Задала пару наводящих вопросов, и стала слушать про прыжки. Интересно же. И вообще, мне же ещё статью про курсантов писать, блин! Надо всё повыспросить.


— О, Рупуже!

Напротив нашей лавочки остановились трое парней, и было в них что-то странное. Длинные волосы? У двоих — завязаны в хвосты, у третьего вообще по плечам, как у какого-нибудь принца из фэнтези. И какая-то манера держаться…

— Прелестная дева! — высокопарно взмахнул рукой «принц». — Знаешь ли ты как рискуешь, находясь в компании этого коварного и беспринципного типа?

Вова встал, и я уж подумала, что сейчас он ка-ак заедет этому принцу в торец, но вместо этого он с картинным возмущением ответил:

— Слышь, Феано́р, ты не опух? — и пожал принцу руку. И остальным тоже.

Так-так, любопытно.

Парни начали представляться. Сплошь, блин, какие-то эльфийские короли. И глазели на меня так… мне прям захотелось спрятать ноги и декольте прикрыть. Дайте мне чёрный плащ! А потом, толкаясь локтями, на задний план сознания выбрались две мыслишки. «Вот до чего мерянье ногами доводит!» и «Про королеву не забудь!»

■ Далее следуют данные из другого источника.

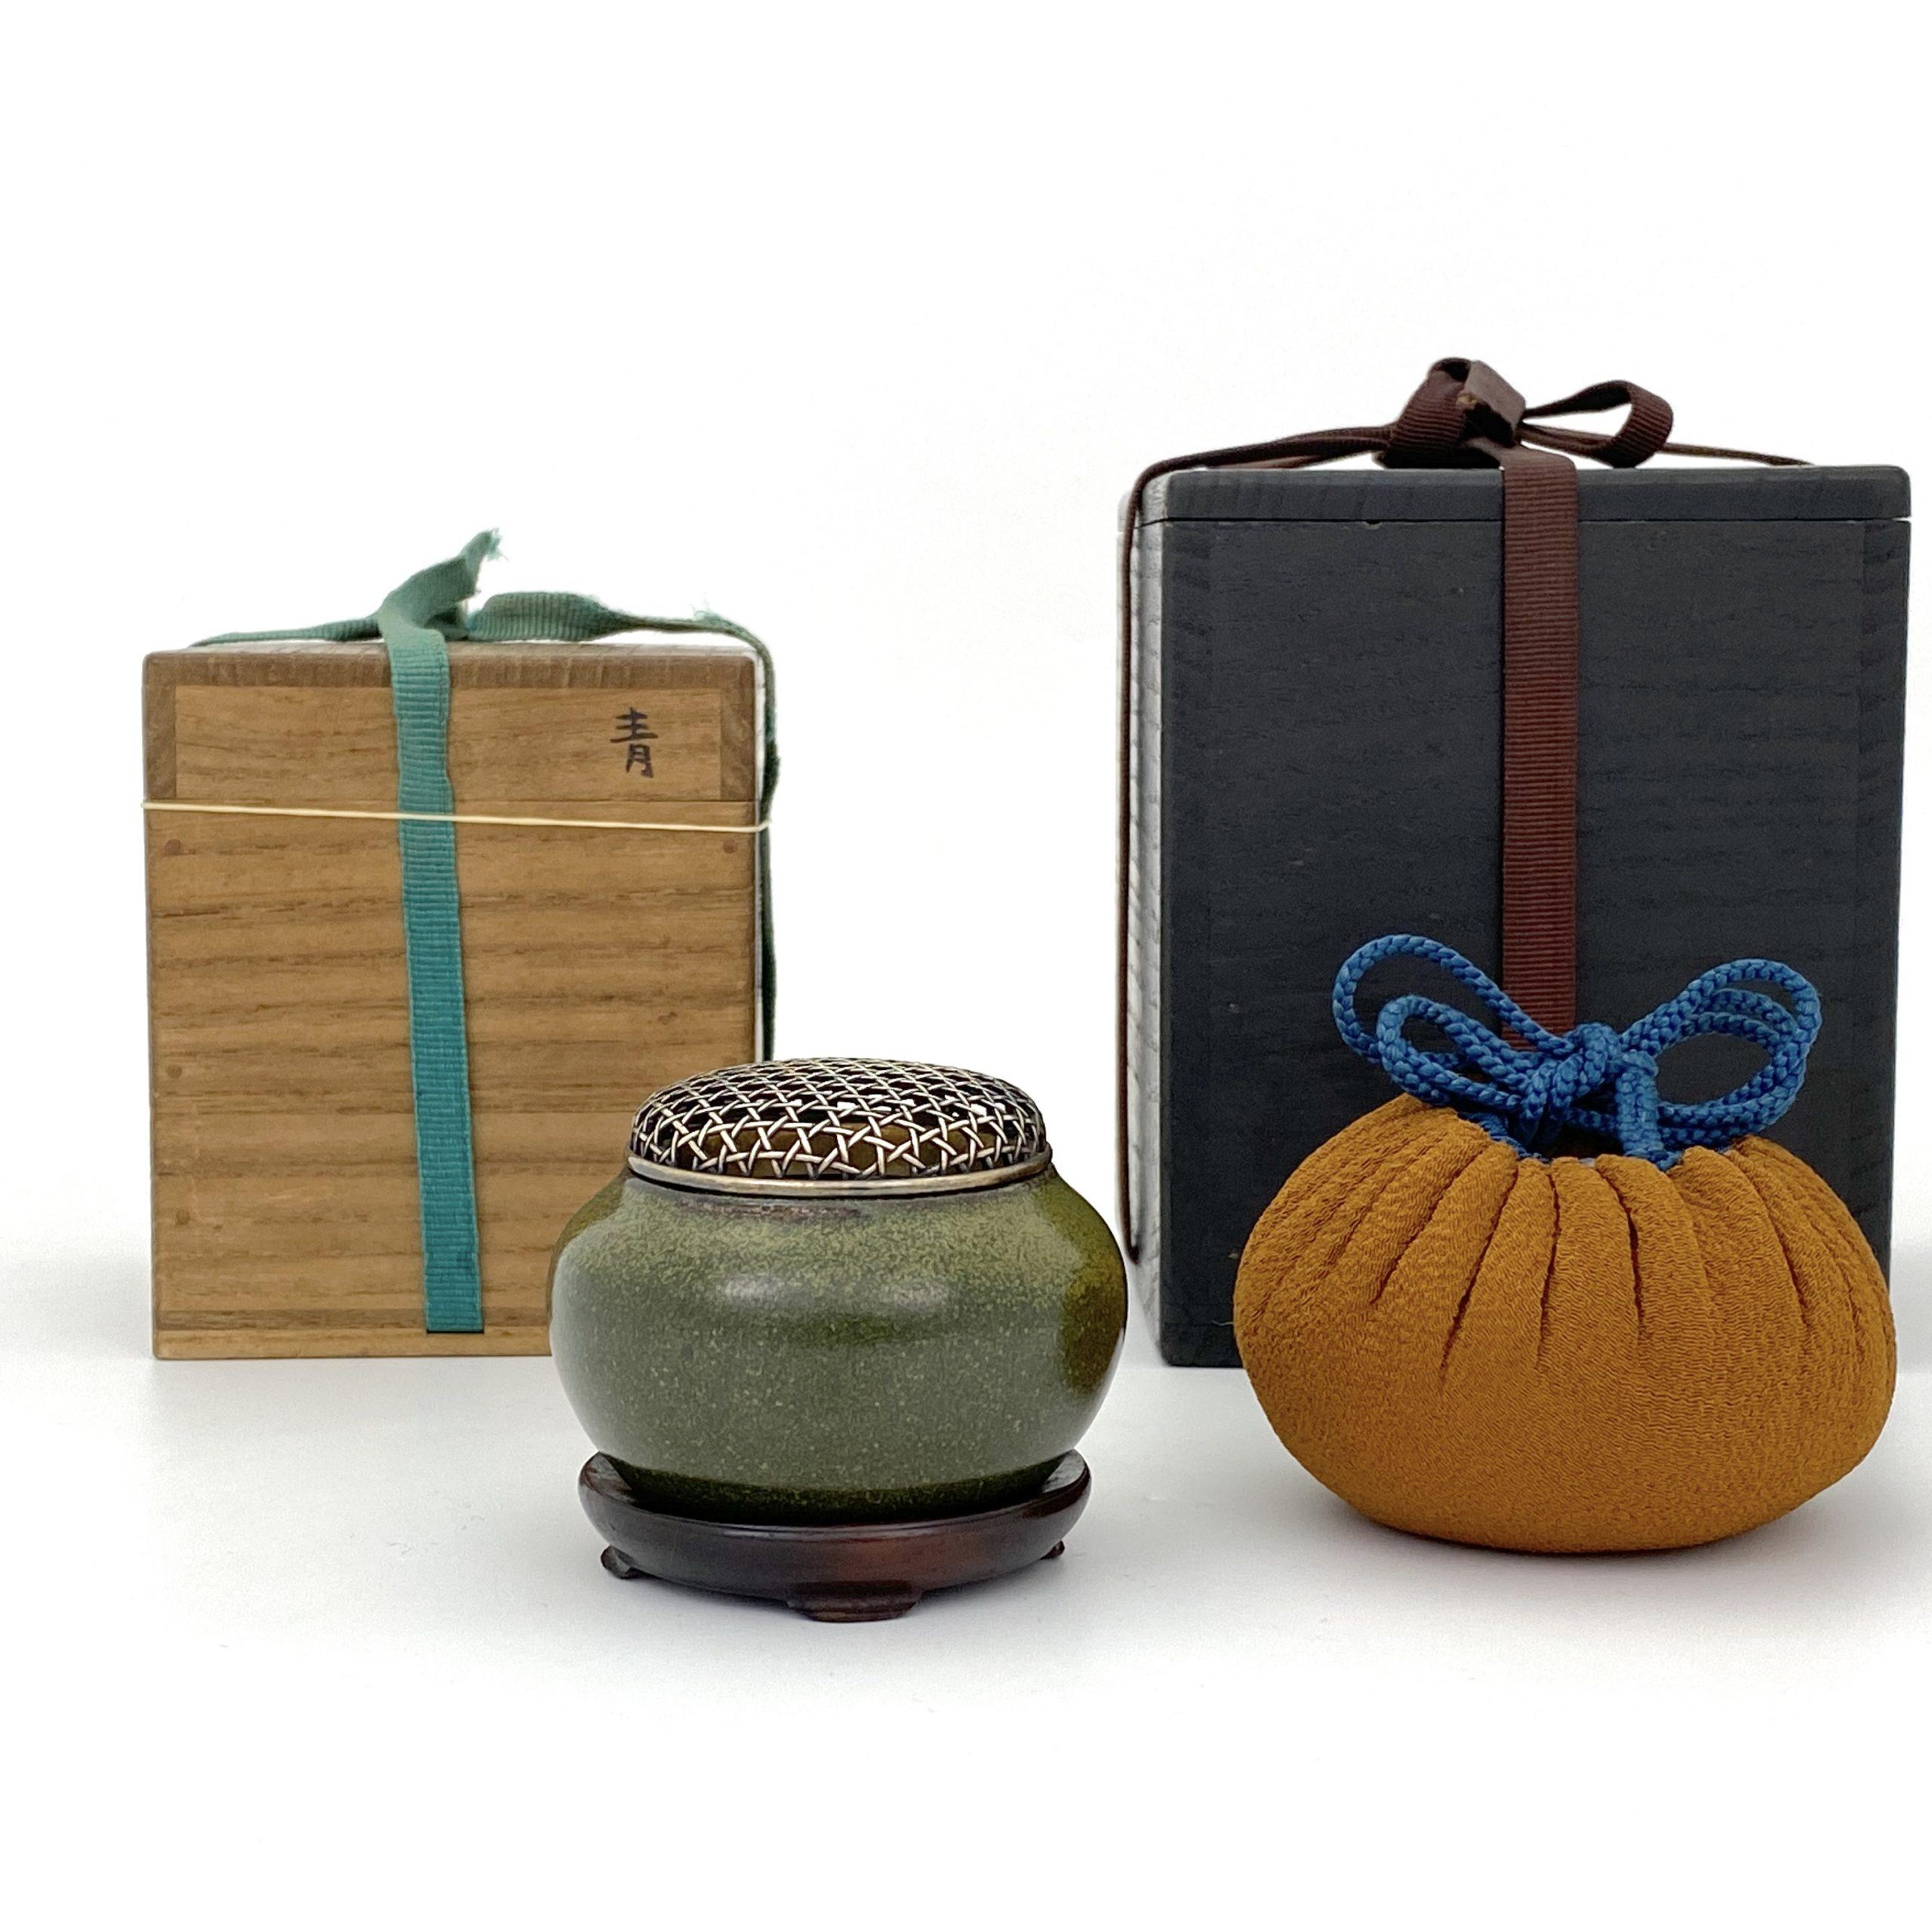 21087清中期 茶葉末釉 香爐 二重箱

И я подумала: ну чего я, в самом деле? Ноги, по результатам теста, отличные, вырез тоже делался не для того, чтоб по углам прятаться. Недавно девки в институте меня просветили, что́ на самом деле означает выражение «твёрдая тройка». Вот у меня в декольте та самая твердая тройка была. Тонкая талия. Попа вот немодная, выдающаяся, но, с другой стороны, я никогда и не мечтала об узких мальчишеских формах, так что грех жаловаться. В целом получалось то, что моя бабушка называла «фигуристая».

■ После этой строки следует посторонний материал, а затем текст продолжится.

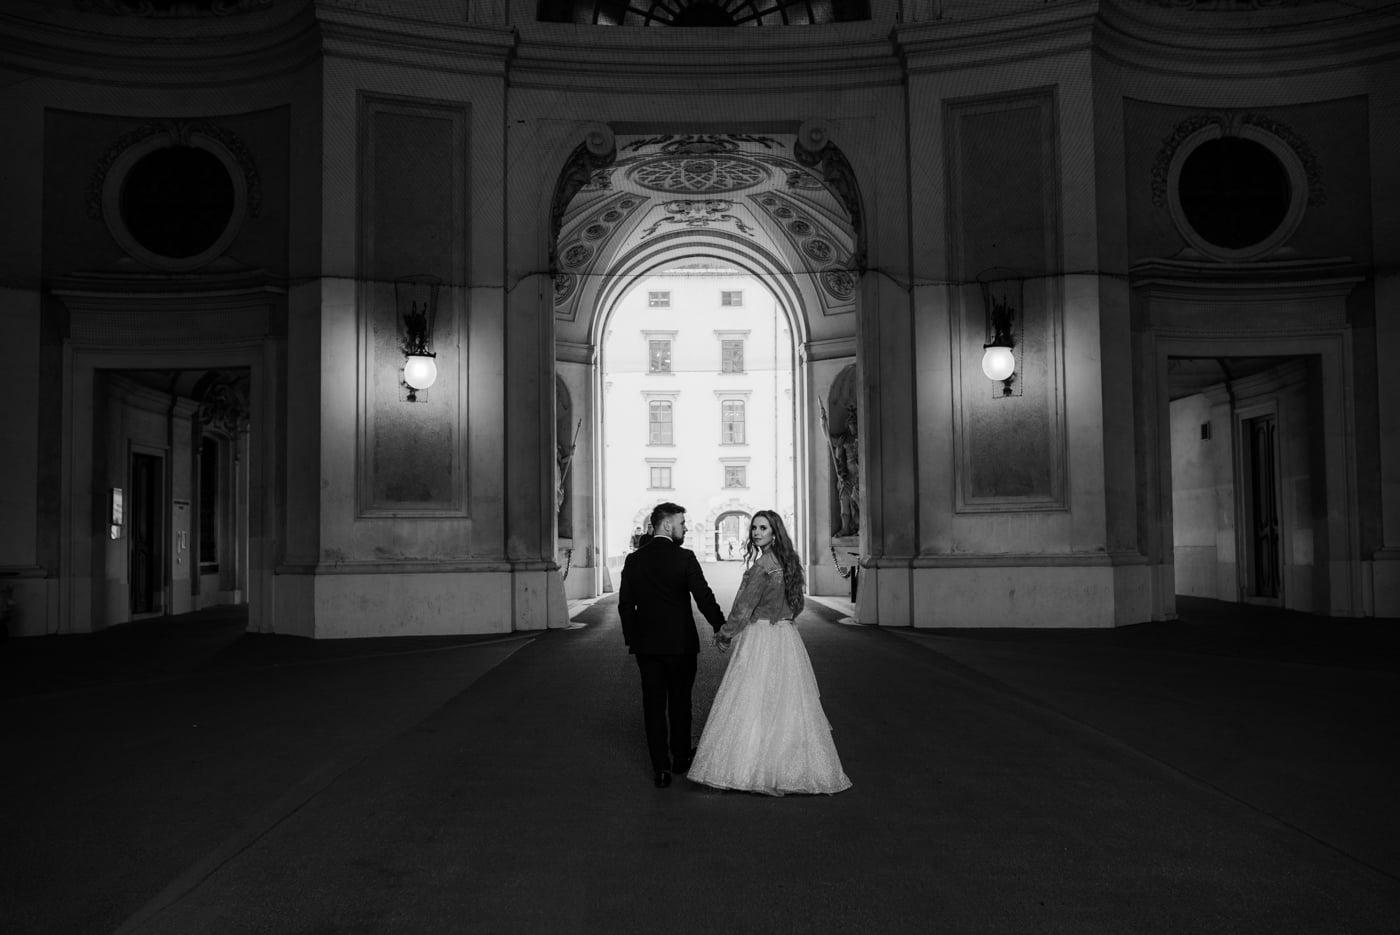 Sesja Ślubna w Wiedniu - Ania i Tomek 7

Так что я перестала тушеваться, вспомнила нашу Ленку с её королевским выражением (вот её бы сюда, уж она бы не растерялась) и начала благосклонно светить лицом. Парни распускали хвосты, как павлины, и это было даже забавно. Потом Феанор сбегал, притащил откуда-то гитару и поразил меня парой песен на натуральном эльфийском языке.

— На круг в среду не придёшь? — спросил один из этих эльфов.

— Да ну, ты что! В отпуске если только.

— А на треню?

— Не, — мотнул головой Вовка, — некогда сегодня.

И увёл меня.


КРИВЫМИ МАРШРУТАМИ


— И кто это такие? — спросила я, когда мы удалились достаточно от этой колоритной компании.

— Парни из иркутского клуба ролевых игр. С Феанором мы дружим ещё с Железногорска. Он меня в клуб и привёл.

— Ага, — нет, как бы всё понятно, но на самом деле ничего не понятно.

Вова, видимо, услышал сомнение в моём голосе и начал объяснять подробнее. Хотя, собственно, когда до меня дошёл смысл… Люди любят читать. И придумали себе играть в разные миры. Иногда в вычитанные, иногда в выдуманные. Прикольно. А круг — это место, где по выходным и по средам ролевики тусуются, тоже на набережной, в другую сторону от шпиля. А треня — тренировка, на которой все учатся правильно бить друг друга почти настоящим ролевым оружием.

Время потихоньку подкатывало к четырём вечера. Бабушкины пирожки, по моим ощущениям, растворились в недрах меня безвозвратно.

Мы вышли с Юности и свернули на одну из улочек старого деревянного города, по которой я никогда в жизни не ходила.

— Ты хотела бы попробовать, съездить на какую-нибудь игру?

— А почему бы и нет? Интересно, наверное, — я шла по высокому бордюру, и Вова придерживал меня за руку. На самом деле это даже не бордюр был, а утопленная боком в землю бетонная плита, и она поднималась всё выше и выше. — А «Рупуже» это?..

— Это моё игровое имя.

— И что оно означает?

— «Сволочь» по-литовски.

— Вот так!

— Да. Я сперва был Румата Эсторский. Но не тот, который Антон, сотрудник института экспериментальной истории, а тот, который дуэлянт, бабник и специалист по боевым верблюдам.

Я подумала, что если моя бордюрина поднимется ещё немного, Вова спокойно сможет заглянуть мне под юбку, и спрыгнула. Он подхватил меня и поставил на землю, но не торопился размыкать объятий. От него пахло тёплым мужским запахом и поверх, совсем прозрачно, — мужским шампунем. И его хотелось нюхать. Стоять рядом и вдыхать этот запах. И чувствовать его тепло. Что-то совершенно животное и первобытное в этом было.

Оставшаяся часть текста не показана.